The Passenger Pigeon Portrait Gallery, one of three sections of Moving Targets, is now showing simultaneously in two locations: The Art & Environment Gallery in the School of Natural Resources and the Environment at University of Michigan, Ann Arbor (through October) and at the Cornell Lab of Ornithology in Ithaca, NY (through December). The 14 artists, plus myself and my collaborator Steffi Domike, have each contributed one work that reflects the region in which each artist lives. Combined, the artists represent states within the former nesting range of the passenger pigeon.
Art & Environment Gallery director Sara Adlerstein, who is a research scientist at UM and is an artist in the exhibition, talks about the exhibition in a short video as part of an extensive article in the UM Record (be sure to click on Moving Targets on the right and then the “Read More” link for the entire article). Learn more about the project in the Moving Targets section of this site.
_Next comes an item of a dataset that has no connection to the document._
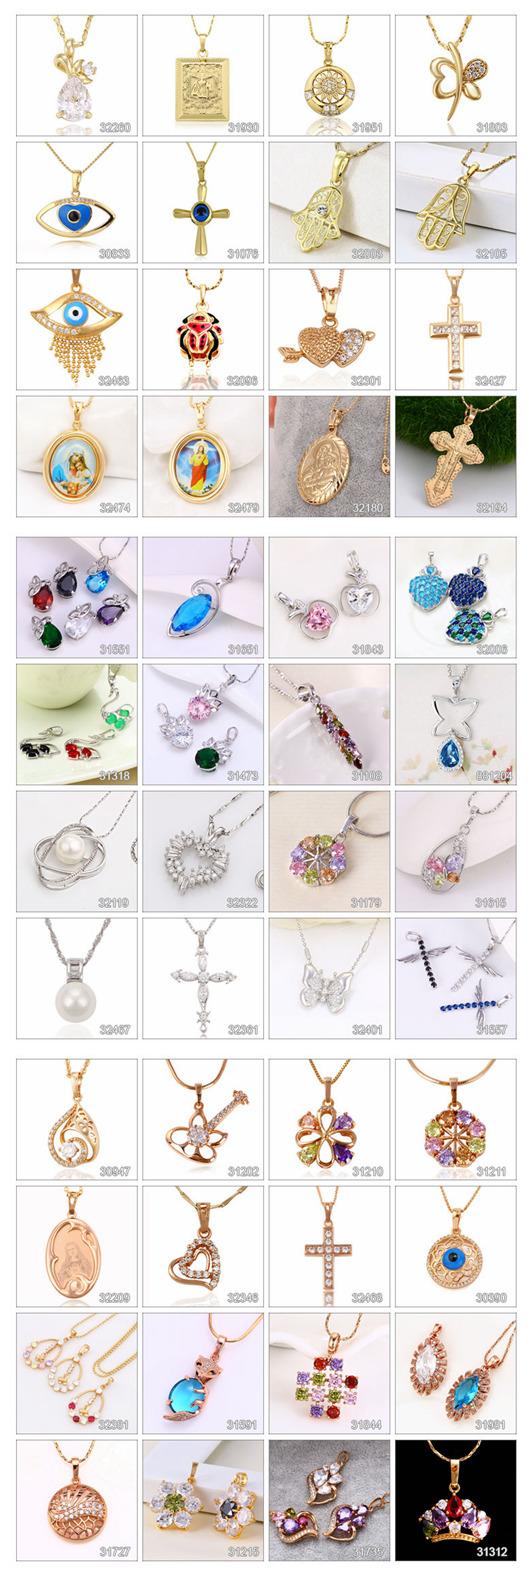 32702 Fashion Elegant Crystal Jewelry Chain Pendant in Rhodium Color

Moving Targets will be reunited and shown in its entirety November 10 – December 6 in Pittsburgh at Duquesne University’s Gumberg Library. Joel Greenberg will speak at Duquesne December 4.
Moving Targets is part of Project Passenger Pigeon Pittsburgh, a coalition of environmental, educational, arts, and historical institutions and independent performing and visual artists.
Artwork (above left): Ann Rosenthal, Safe Haven, 2014. In 1910, my mother and her family were making their way across Canada, having escaped the brutal pogroms in the Ukraine. Though the great flocks of passenger pigeons had disappeared by the time of my family’s migration, I like to imagine that their paths crossed as they both sought safe haven in distant lands.